Save and load data and model¶
In this section, we will present how to save and load data and model.
Save data and model¶
When we use the run_recbole()
function mentioned in Use run_recbole,
it will save the best model parameters in training process and its corresponding config settings.
If you want to save filtered dataset and split dataloaders,
you can set parameter save_dataset
and parameter save_dataloaders
to True
to save filtered dataset and split dataloaders.
You can refer to Config Introduction for more details about save_dataset
and save_dataloaders
.
Here we present a typical output when two parameters above is True
:
21 Aug 13:05 INFO Saving filtered dataset into [saved/ml-100k-dataset.pth]
21 Aug 13:05 INFO ml-100k
The number of users: 944
Average actions of users: 106.04453870625663
The number of items: 1683
Average actions of items: 59.45303210463734
The number of inters: 100000
The sparsity of the dataset: 93.70575143257098%
Remain Fields: ['user_id', 'item_id', 'rating', 'timestamp']
21 Aug 13:05 INFO Saved split dataloaders: saved/ml-100k-for-BPR-dataloader.pth
21 Aug 13:06 INFO BPR(
(user_embedding): Embedding(944, 64)
(item_embedding): Embedding(1683, 64)
(loss): BPRLoss()
)
Trainable parameters: 168128
Train 0: 100%|█████████████████████████| 40/40 [00:01<00:00, 32.52it/s, GPU RAM: 0.01 G/11.91 G]
21 Aug 13:06 INFO epoch 0 training [time: 1.24s, train loss: 27.7228]
Evaluate : 100%|███████████████████████| 472/472 [00:04<00:00, 94.53it/s, GPU RAM: 0.01 G/11.91 G]
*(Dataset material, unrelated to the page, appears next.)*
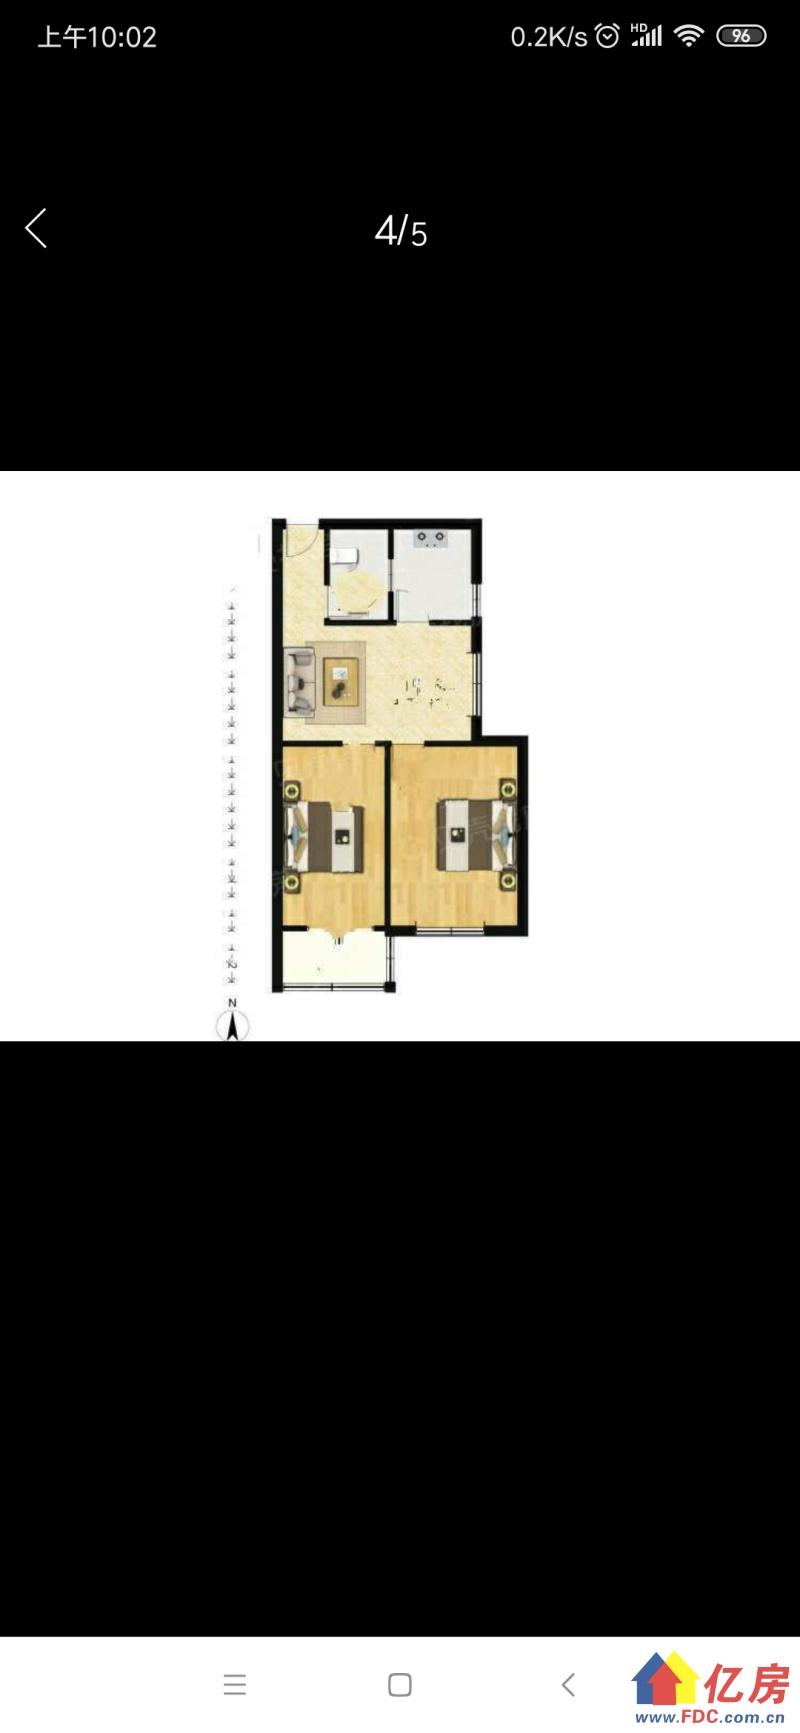 汉阳区 王家湾 江汉二桥街知音西苑社区 2室1厅1卫 60.59㎡,武汉汉阳区王家湾玫瑰街二手房2室 - 亿房网

21 Aug 13:06 INFO epoch 0 evaluating [time: 5.00s, valid_score: 0.020500]
21 Aug 13:06 INFO valid result:
recall@10 : 0.0067 mrr@10 : 0.0205 ndcg@10 : 0.0086 hit@10 : 0.0732 precision@10 : 0.0081
21 Aug 13:06 INFO Saving current best: saved/BPR-Aug-21-2021_13-06-00.pth
...
As we can see, the filtered dataset is saved to saved/ml-100k-dataset.pth
,
the split dataloaders are saved to saved/ml-100k-for-BPR-dataloader.pth
,
and the model is saved to saved/BPR-Aug-21-2021_13-06-00.pth
.
Load data and model¶
If you want to reload the data and model,
you can apply load_data_and_model()
to get them.
You can also pass dataset_file
and dataloader_file
to this function to reload data from file,
which can reduce the time of data filtering and data splitting.
Here we present a typical usage of load_data_and_model()
:
config, model, dataset, train_data, valid_data, test_data = load_data_and_model(
model_file='saved/BPR-Aug-21-2021_13-06-00.pth',
)
# Here you can replace it by your model path.
# And you can also pass 'dataset_file' and 'dataloader_file' to this function.